Extracting Pre-Defined Themes By Processing Data Using Classification Models

Contributed By: SAURABH SETHI

BACKGROUND: I am Saurabh Sethi. I have 11+ years of experience in a variety of fields. Being an early boomer, I started to explore opportunities from call centers wherein I learned to keep up efficient communication convert sales, and build relationships. With the experience of team building and good communication, I was hired by Genpact to support payment collection for a healthcare provider wherein I was exposed to a variety of different metrics and built my interest in data. Eventually, I had a couple of internal movements and had a chance to experiment with provider and billing data and participated in a Master Data Management Project. With high ambition, I continued my career by joining ATCS Inc. to pilot social media analytics and listening for global brands, which drew me to the heart of analytics, and now I am awaiting my Data Science PG degree.

PROBLEM STATEMENT: In the process of offering Social Media Listening and digital strategies, we use publicly available social media post feeds based on mentions to unearth the hidden secrets that will drive strategies for our partnering brands.
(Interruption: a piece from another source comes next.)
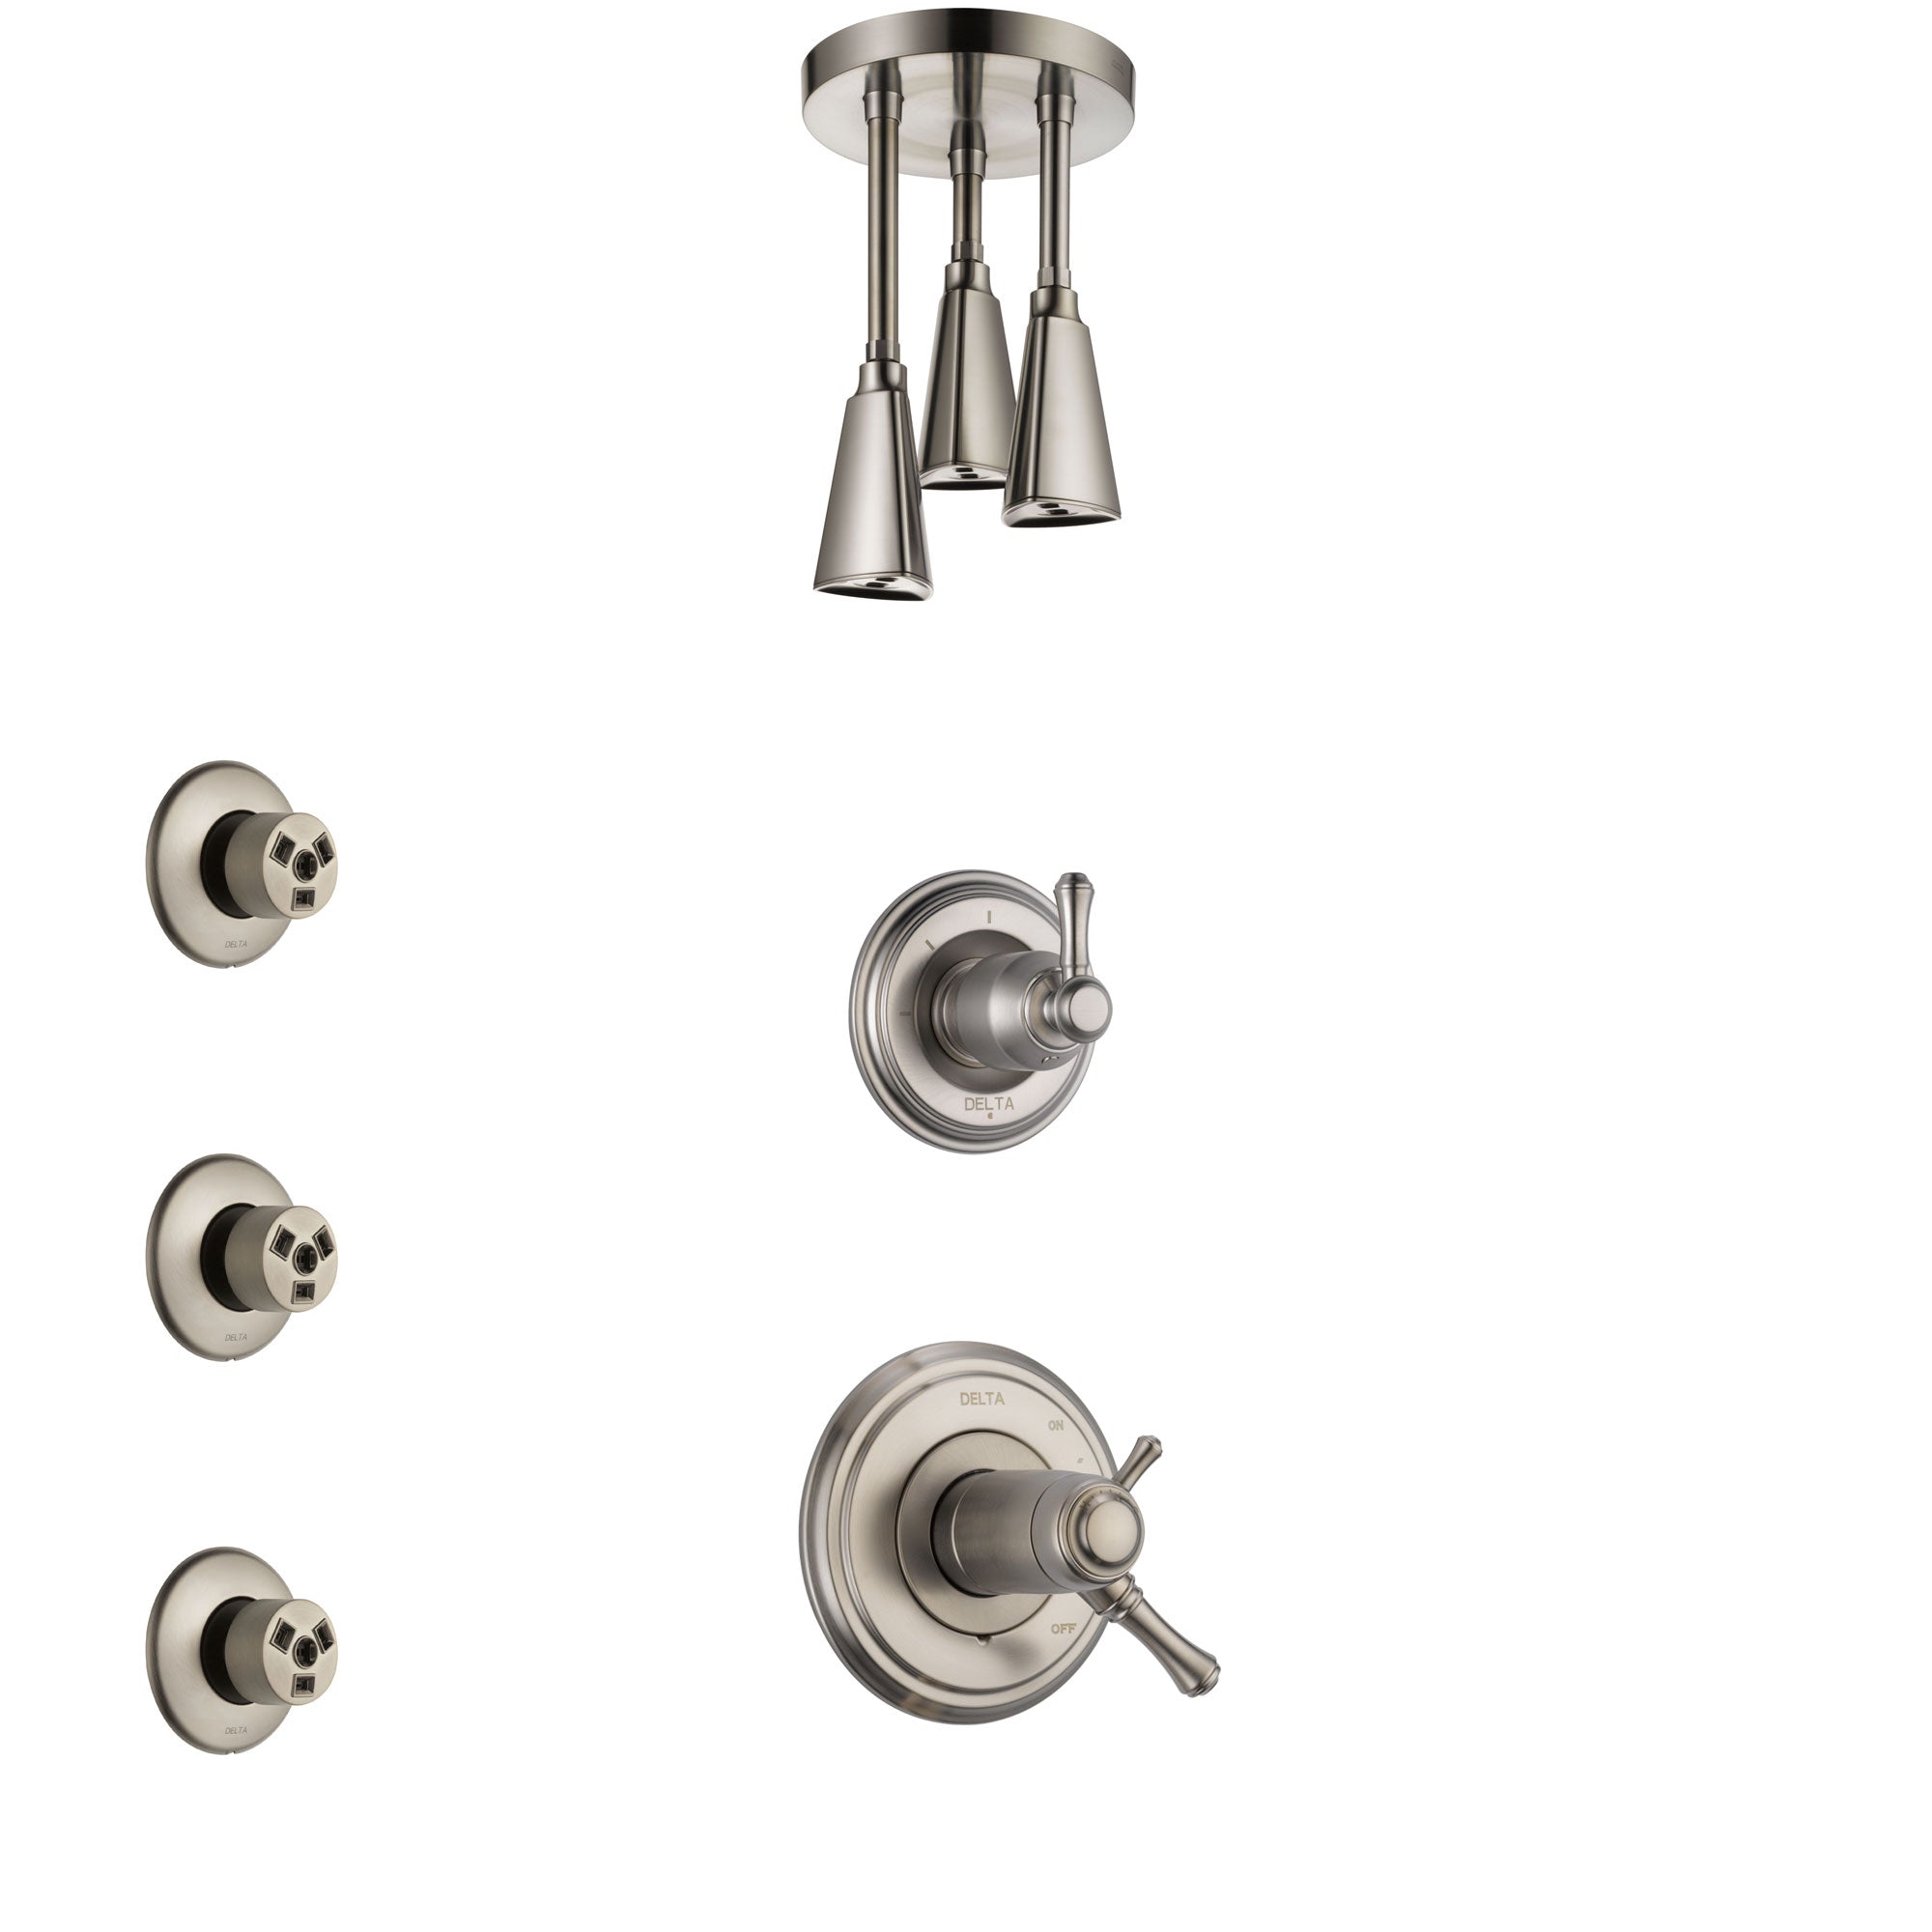 Delta Cassidy Dual Thermostatic Control Handle Stainless Steel Finish Shower System, Diverter, Ceiling Mount Showerhead, and 3 Body Sprays SS17T972SS4

And this leads us to the difficulty of dealing with highly dispersed and qualitative data, which necessitates a significant amount of manual effort slicing and dicing through thousands of contextual data points to uncover themes and patterns to build on inferences.

GOAL STATEMENT: Create a supervised classification model trained on a certain topic to extract pre-defined themes by processing millions of data rows accounting for social media users and sarcasm.
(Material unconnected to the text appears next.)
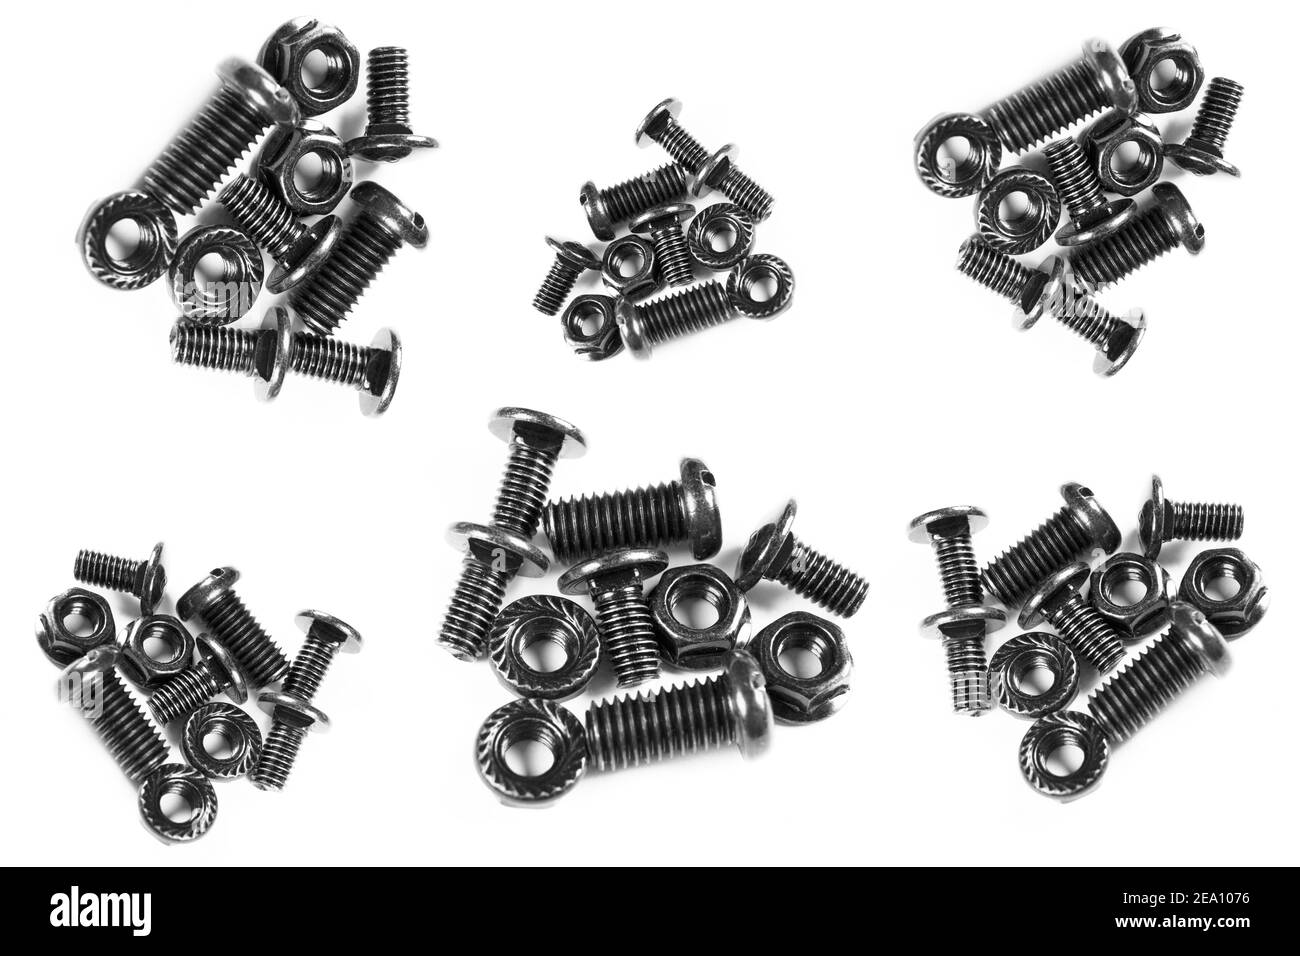 Black metal bolts and nuts  in a row. Black screw bolts and nuts isolated. Steel bolts and nuts pattern. Stock Photo

TECHNIQUES USED: Using historical data on specialized themes, we constructed a Supervised Classification model with regression-based Support Vector Machine technique on cleaned and tokenized contextual data via Natural Language Processing, and deployed it on a React Native application.

OBSERVATIONS: Using the techniques learned in the training, we discovered a number of abnormalities and redundancies in the data due to some dominating discussions from influential social media accounts, which opened up another use case around author segmentation and mapping.
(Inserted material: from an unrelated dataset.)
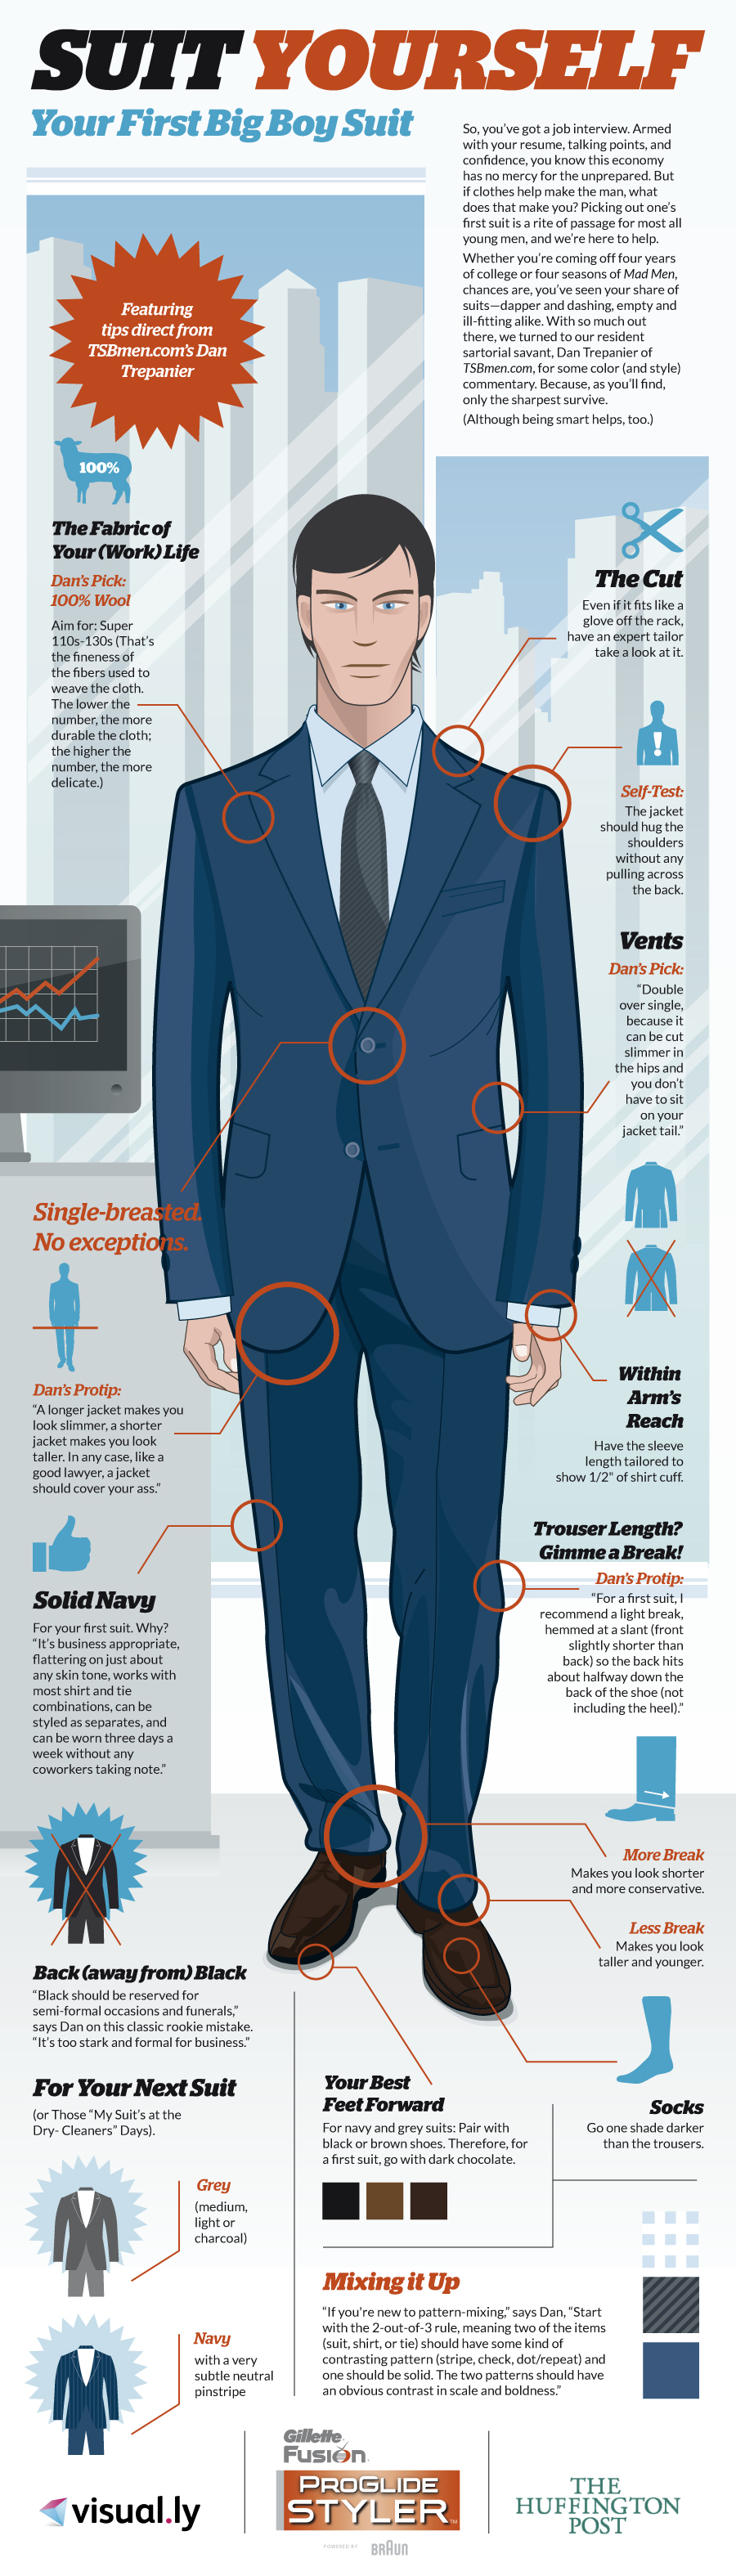 Suit Yourself: Your First Big Boy Suit!

SOLUTION: We successfully deployed the classification model on a frontend application, allowing users to categorize the social media feeds into pre-defined labels, removing the time-consuming process of manually reading and segmenting the conversation. This enabled the digital analyst to quantify the various talking points and go further into the data to find the main problems and opportunity areas for the brand. The model is currently configured using SVM regression equations, which provide an accuracy of 92% and process 1 million rows of contextual data points in about 5 minutes.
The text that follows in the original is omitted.